- TASK PROMPT: Please transcribe the lines below exactly, and leave every image behind.

- RECORDED INFORMATION:
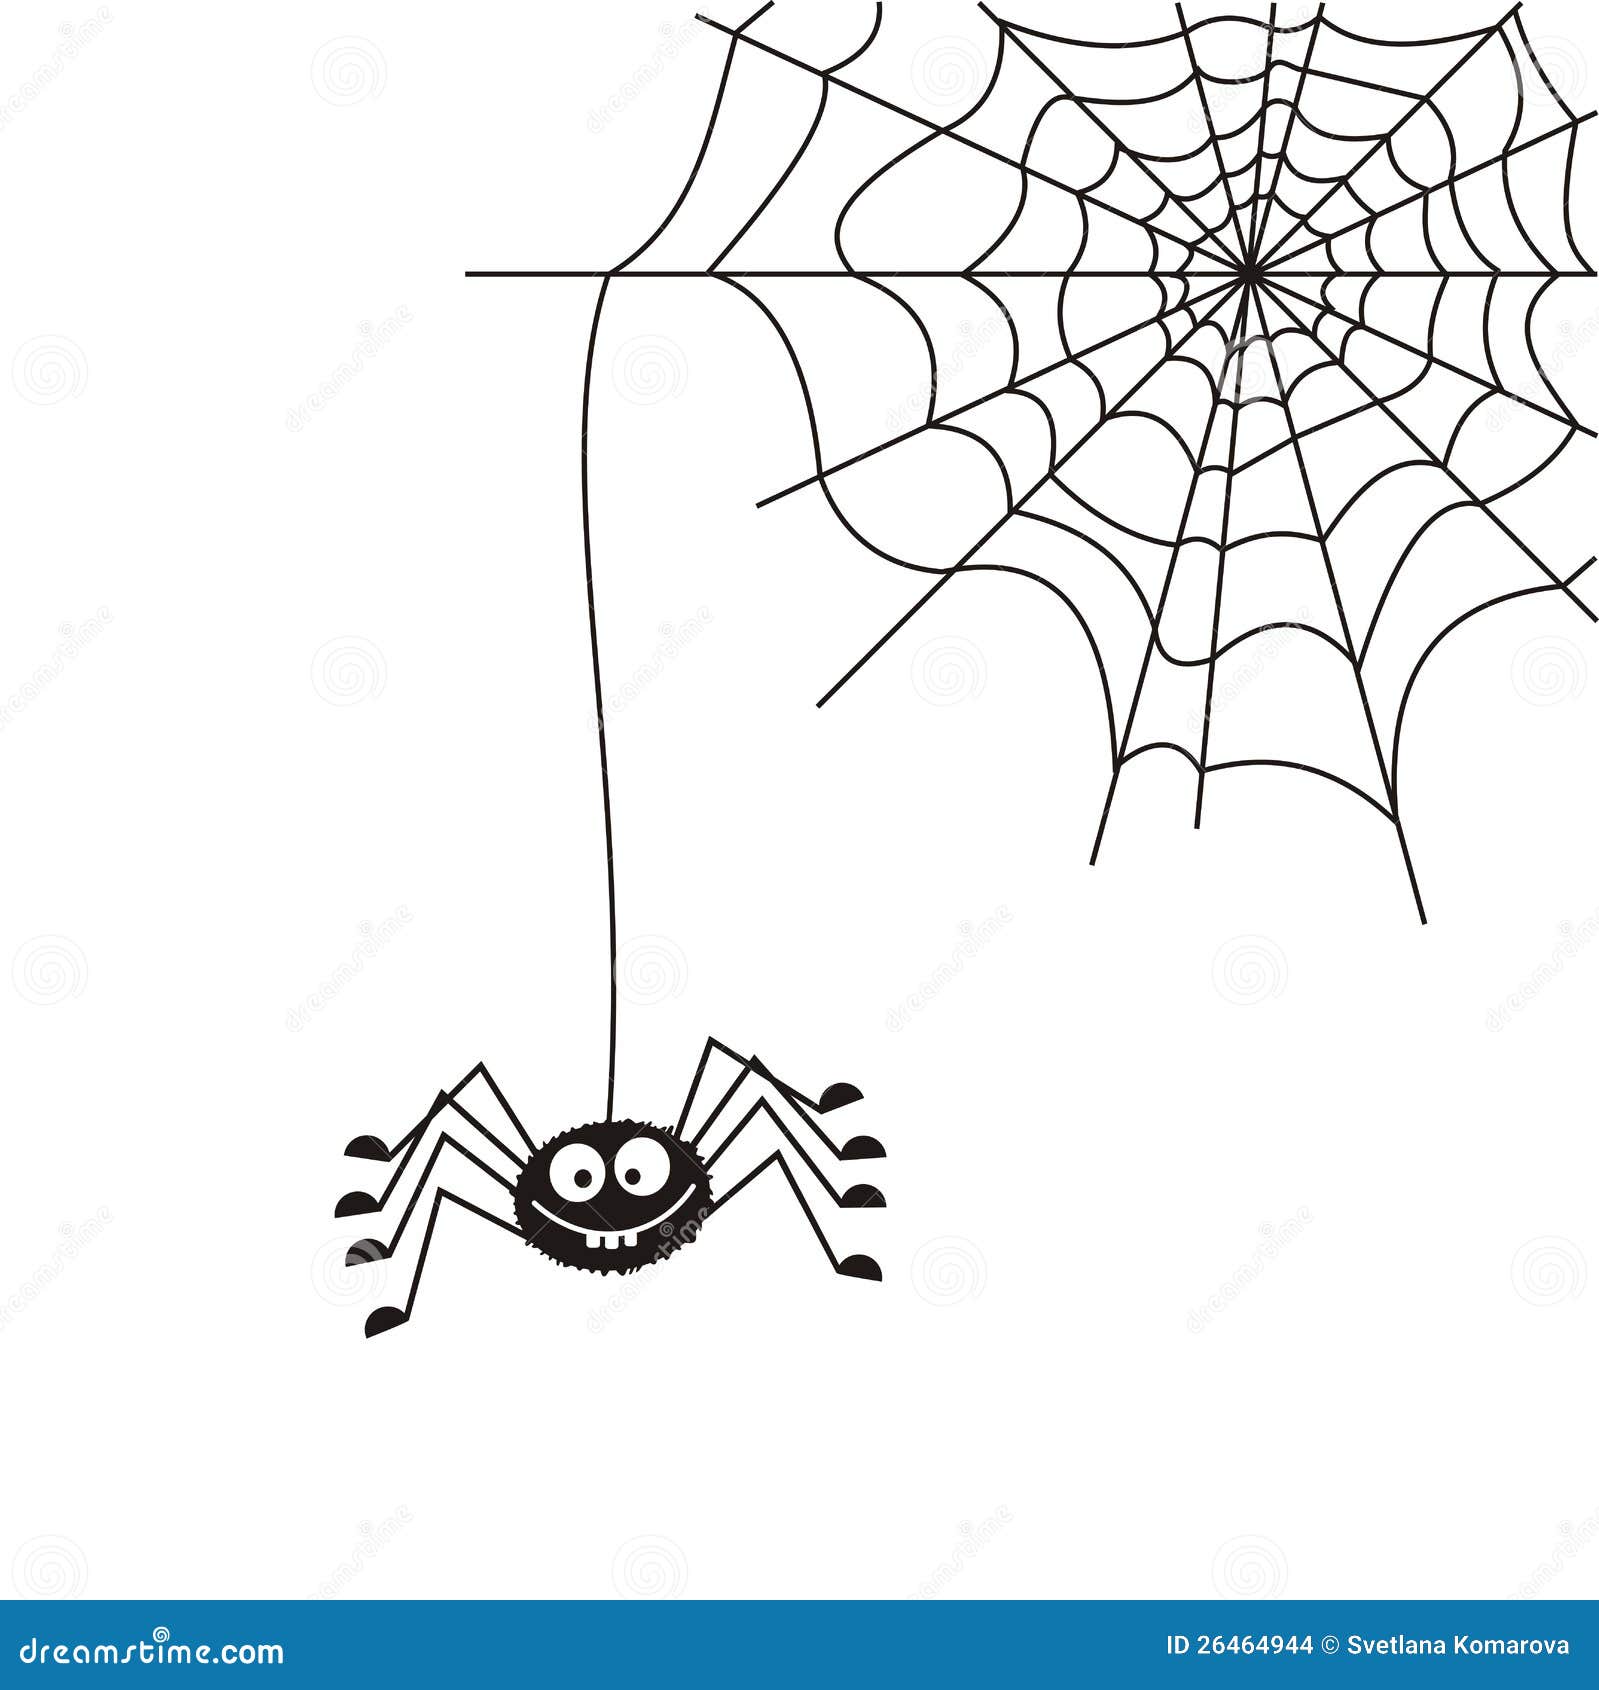 Паук сплел паутину как показано на рисунке. Паутина. Паук на паутине. Паутина рисунок. Паучок на паутине для детей.
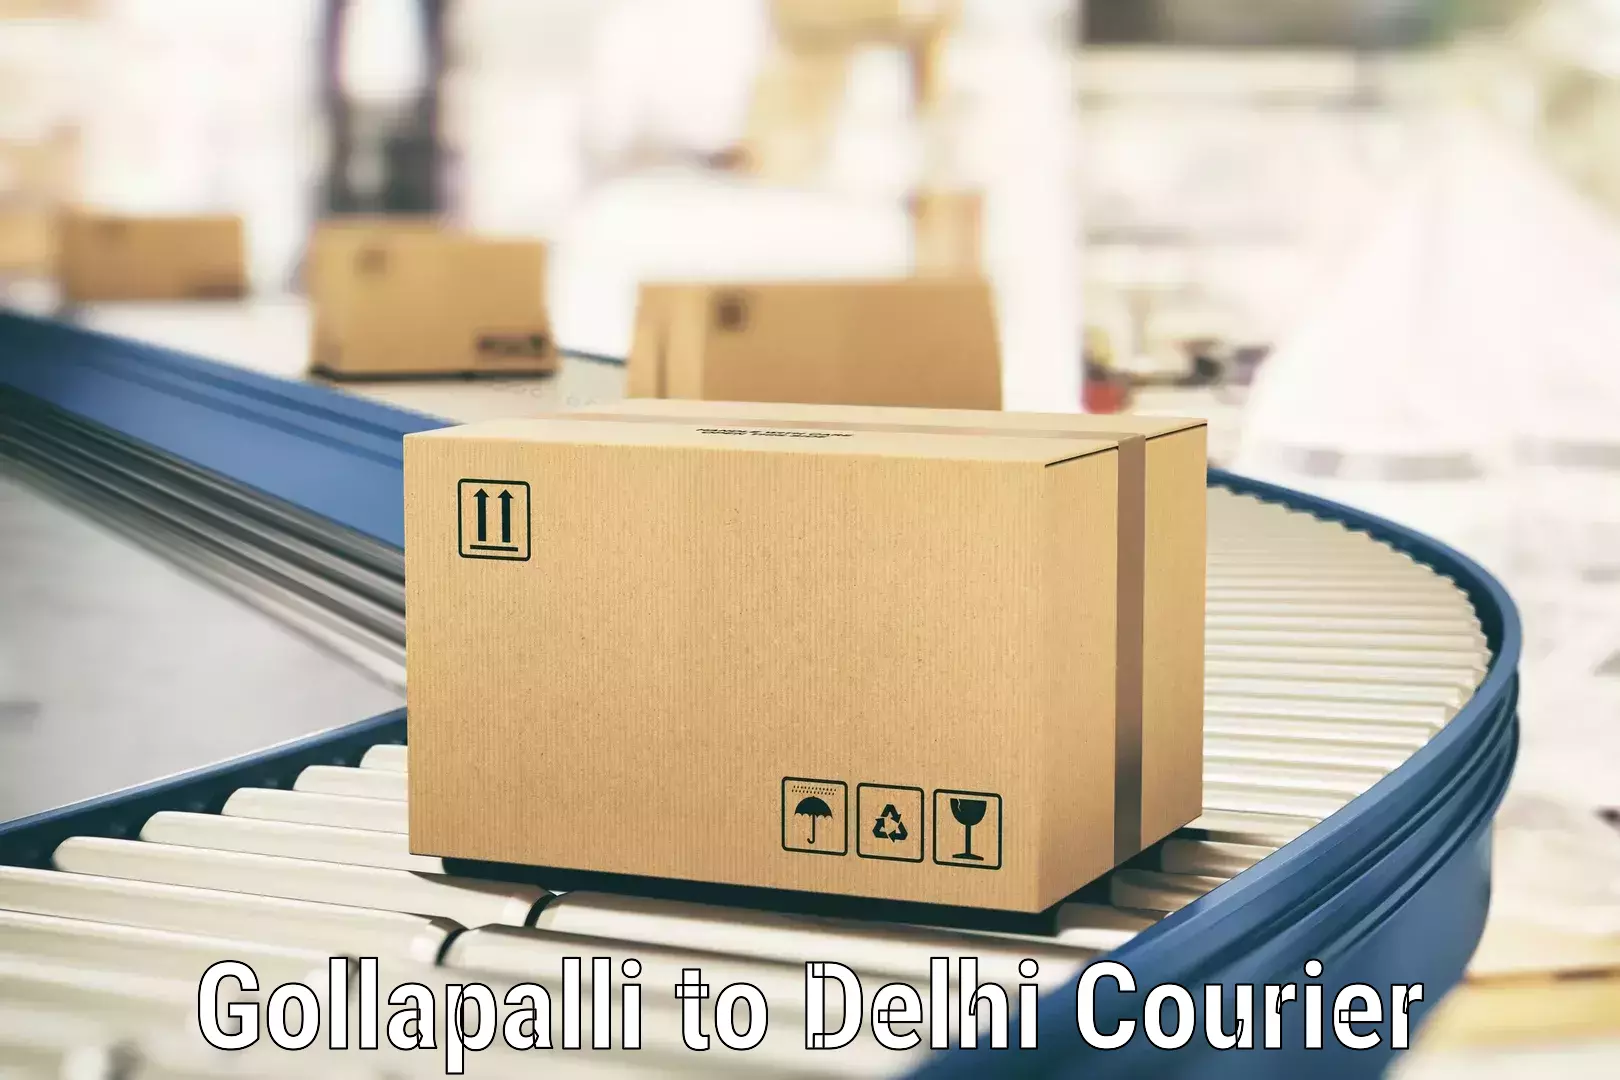 Local delivery service in Gollapalli to Delhi
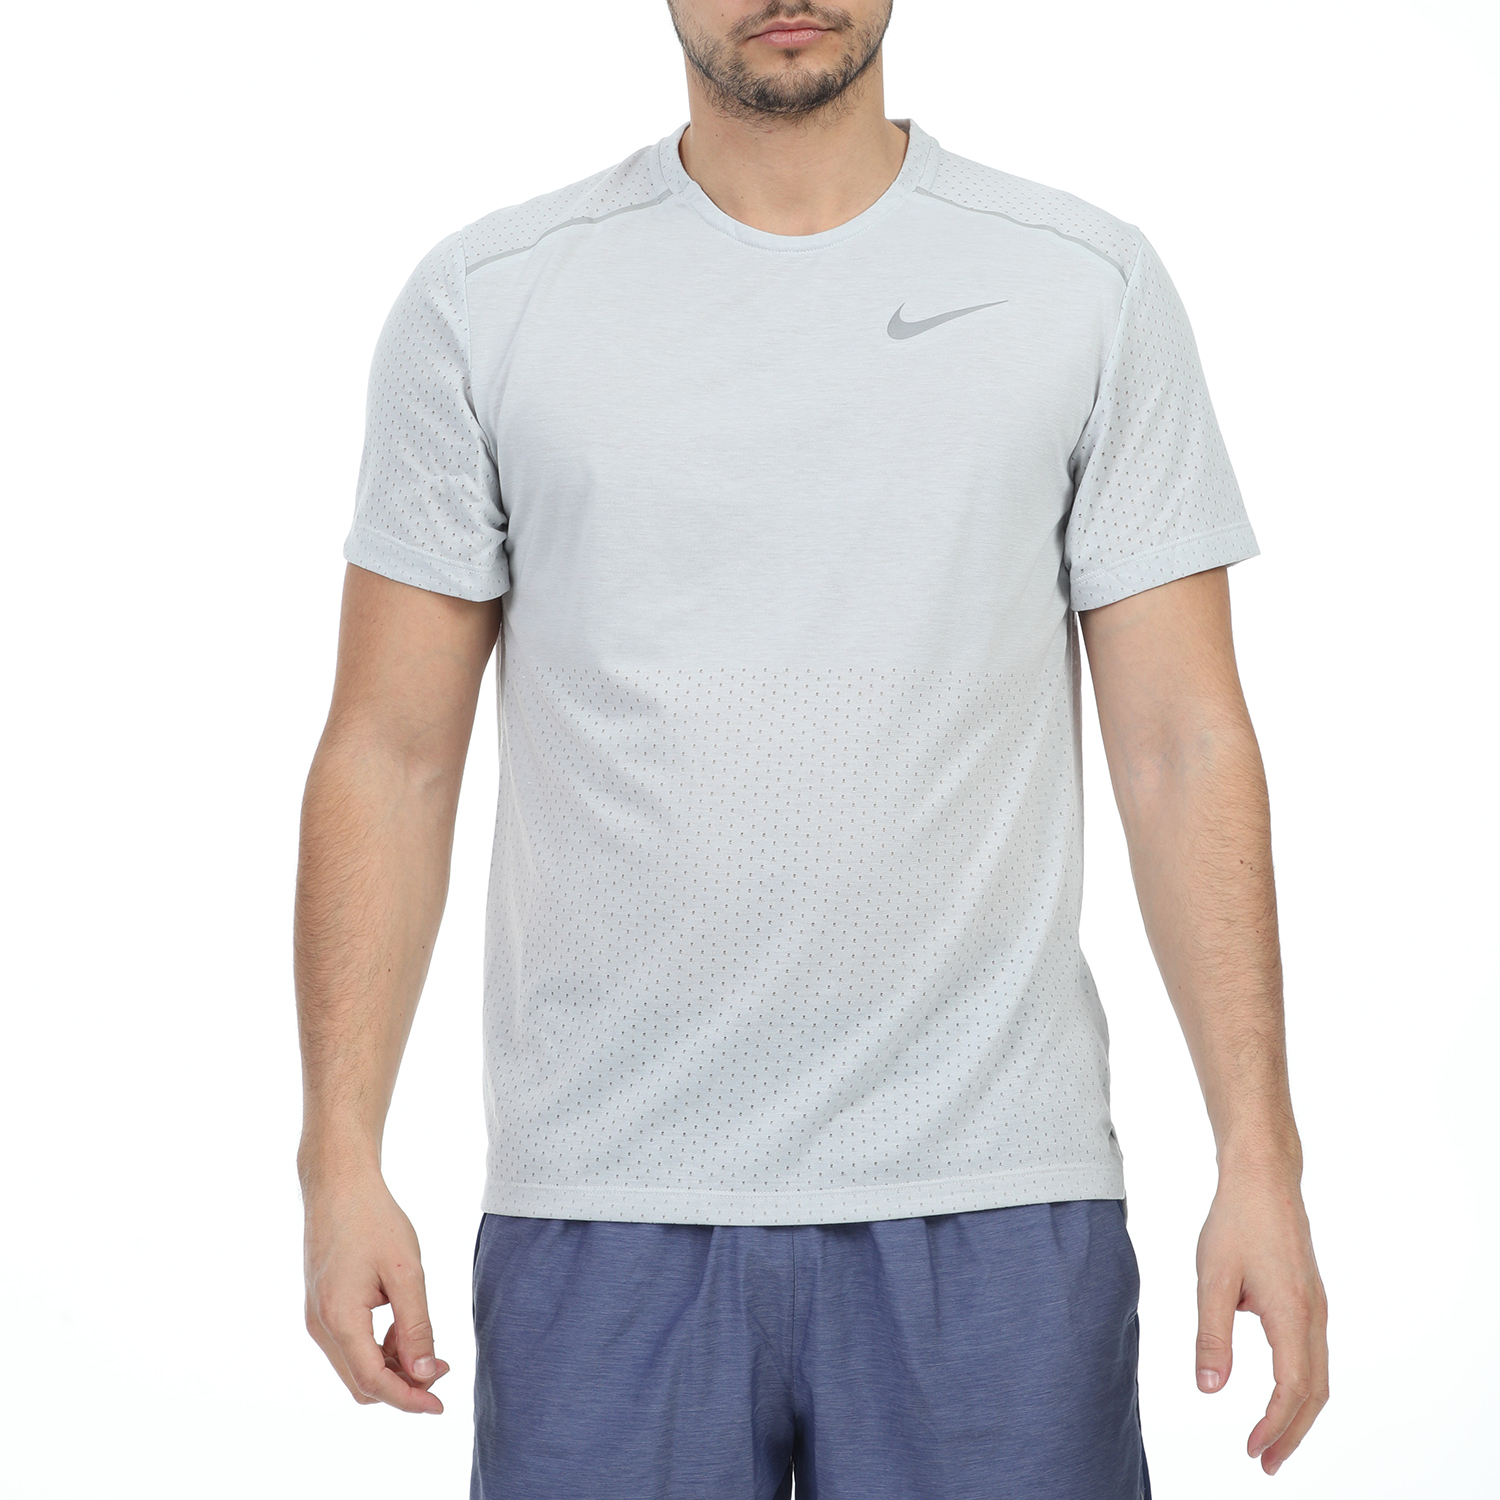 Ανδρικά/Ρούχα/Αθλητικά/T-shirt NIKE - Ανδρική μπλούζα NIKE BRTHE RISE 365 SS μπλε

- REPLY TO THE EXERCISE:
 Паук сплел паутину как показано на рисунке. Паутина. Паук на паутине. Паутина рисунок. Паучок на паутине для детей.
 Local delivery service in Gollapalli to Delhi
 Ανδρικά/Ρούχα/Αθλητικά/T-shirt NIKE - Ανδρική μπλούζα NIKE BRTHE RISE 365 SS μπλε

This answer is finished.